Hi. I'm trying to write a script to help me create SoundFonts, and I have a few questions about the metadata structure in wav files. It seems the metadata is at the begging of the "smpl" chunk and I've managed to extract loop points (at bytes 52 and 56) and sample root key (at byte 20) so far but that's it.
1. What are the data types that the chunk should be unpacked to? It would have to be different types depending on what is being unpacked, right?
2. How many bytes is the metadata chunk? Is it always the same size?
3. Where is the fine-tuning located?
4. Can the Key range be set in metadata and if so, where? If not, is there an audio format that supports this?
5. What is the difference between "Sample root key" and "Root key"?
The wav file header is 44 bytes with data as follows:
1 - 4 “RIFF” Marks the file as a riff file.
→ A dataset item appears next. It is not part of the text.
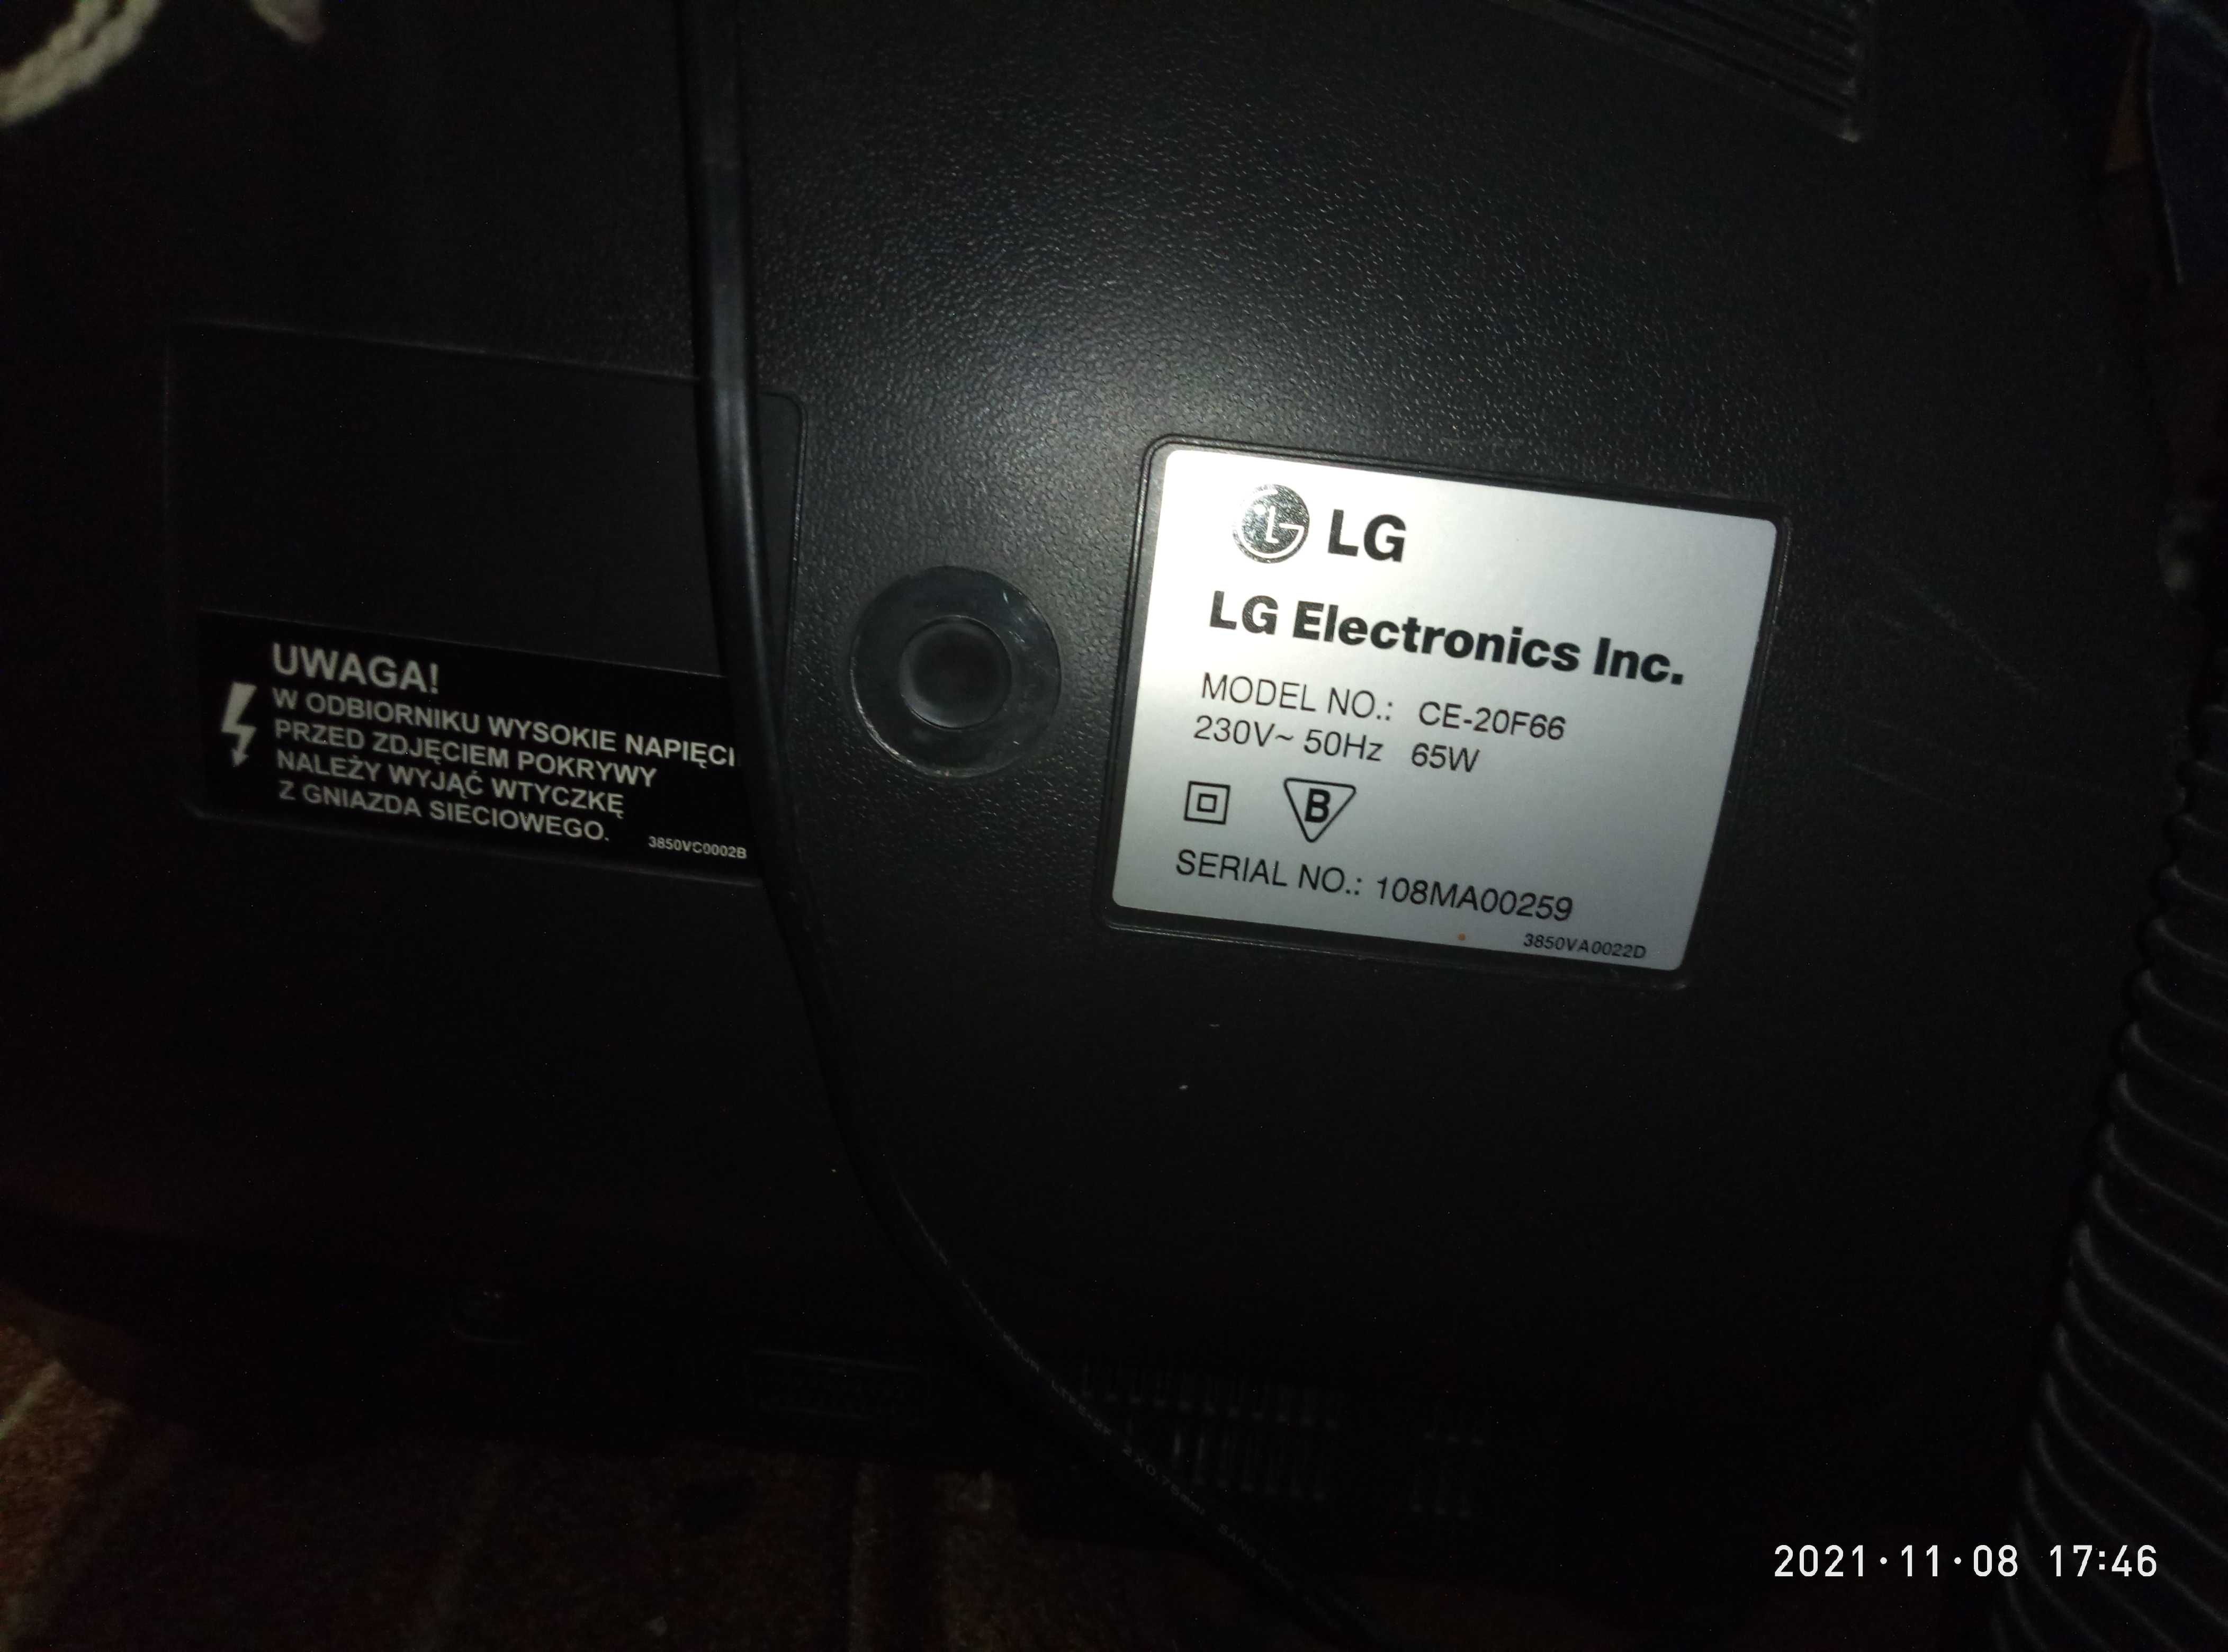 телевизор LG Electronics Inc. СЕ-20F66 модель 108МА00259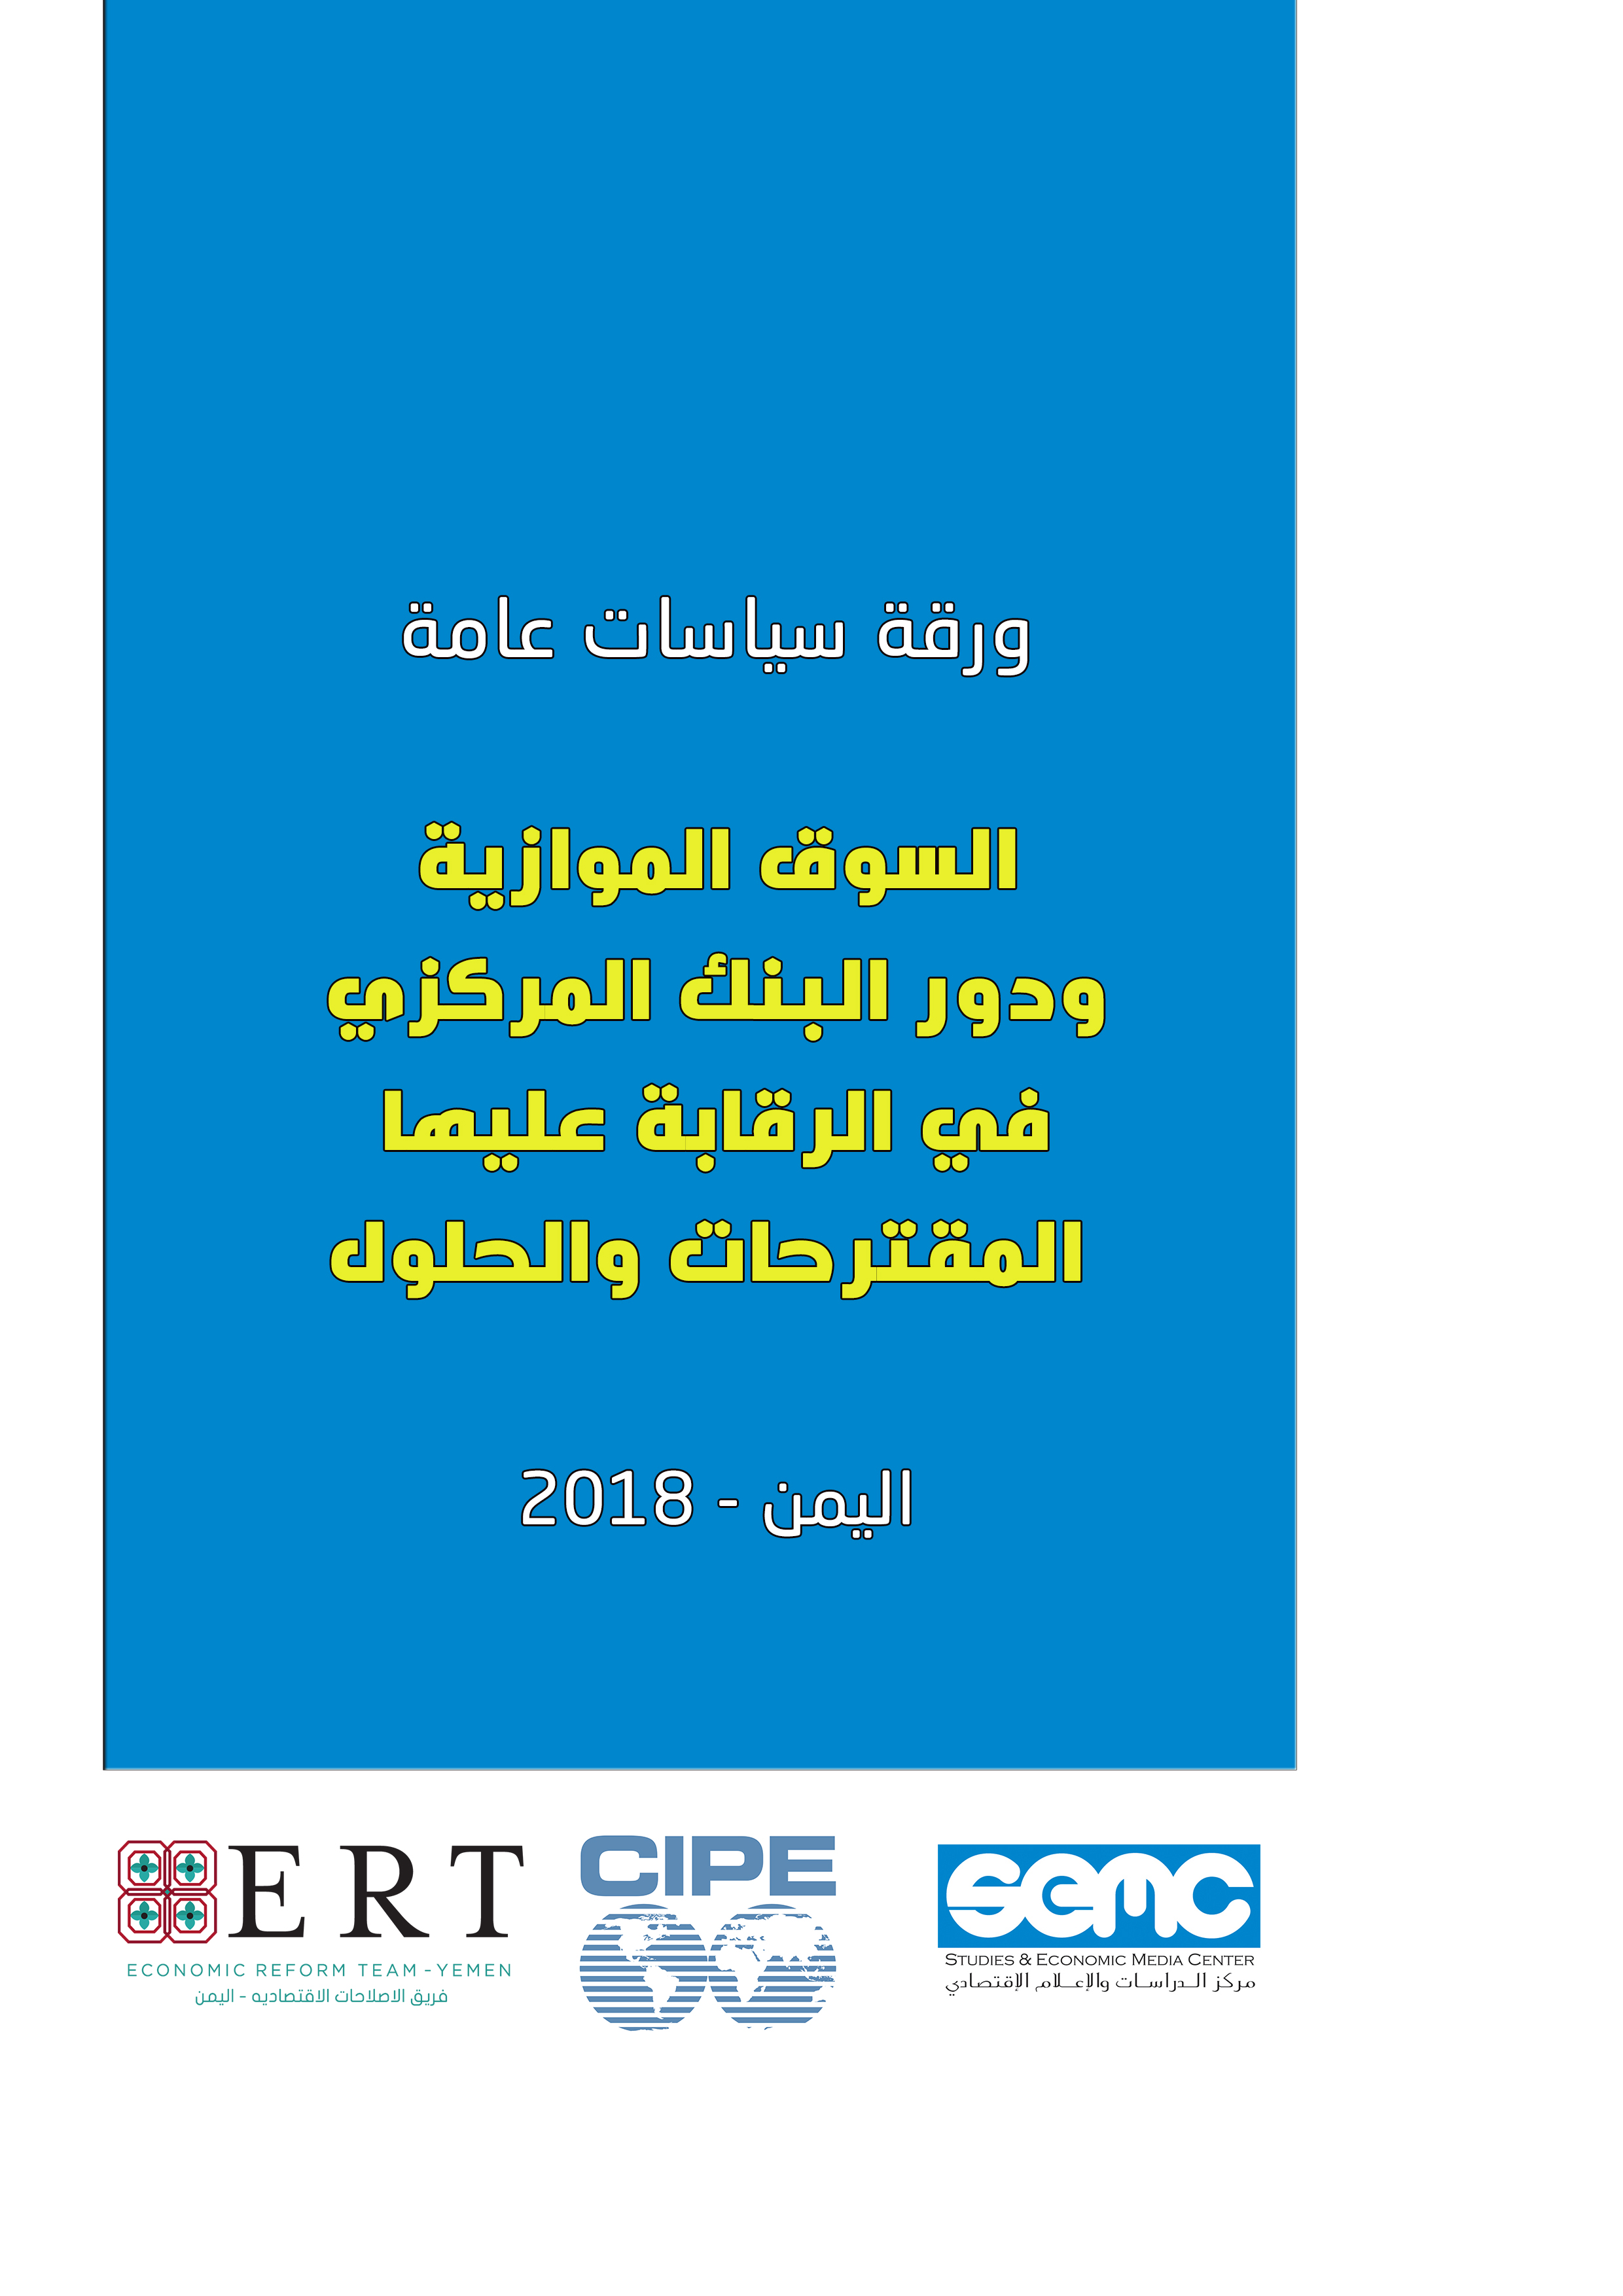 اطلاق ورقة سياسات حول السوق الموازية ” السوداء ” ودور البنك المركزي اليمني في الرقابة عليها

Characters are each 1 byte long.
5 - 8 File size (integer) Size of the overall file - 8 bytes, in bytes (32-bit integer). Typically, you’d fill this in after creation.
9 -12 “WAVE” File Type Header. For our purposes, it always equals “WAVE”.
13-16 “fmt " Format chunk marker. Includes trailing null
17-20 16 Length of format data as listed above
21-22 1 Type of format (1 is PCM) - 2 byte integer
23-24 2 Number of Channels - 2 byte integer
25-28 44100 Sample Rate - 32 byte integer. Common values are 44100 (CD), 48000 (DAT). Sample Rate = Number of Samples per second, or Hertz.
29-32 176400 (Sample Rate * BitsPerSample * Channels) / 8.
33-34 4 (BitsPerSample * Channels) / 8.1 - 8 bit mono2 - 8 bit stereo/16 bit mono4 - 16 bit stereo
35-36 16 Bits per sample
37-40 “data” “data” chunk header. Marks the beginning of the data section.
41-44 File size (data) Size of the data section.
As I understand it loop points are indicated by "markers" in the data and all tuning is done by varying the playing sample rate from what it is supposed to be.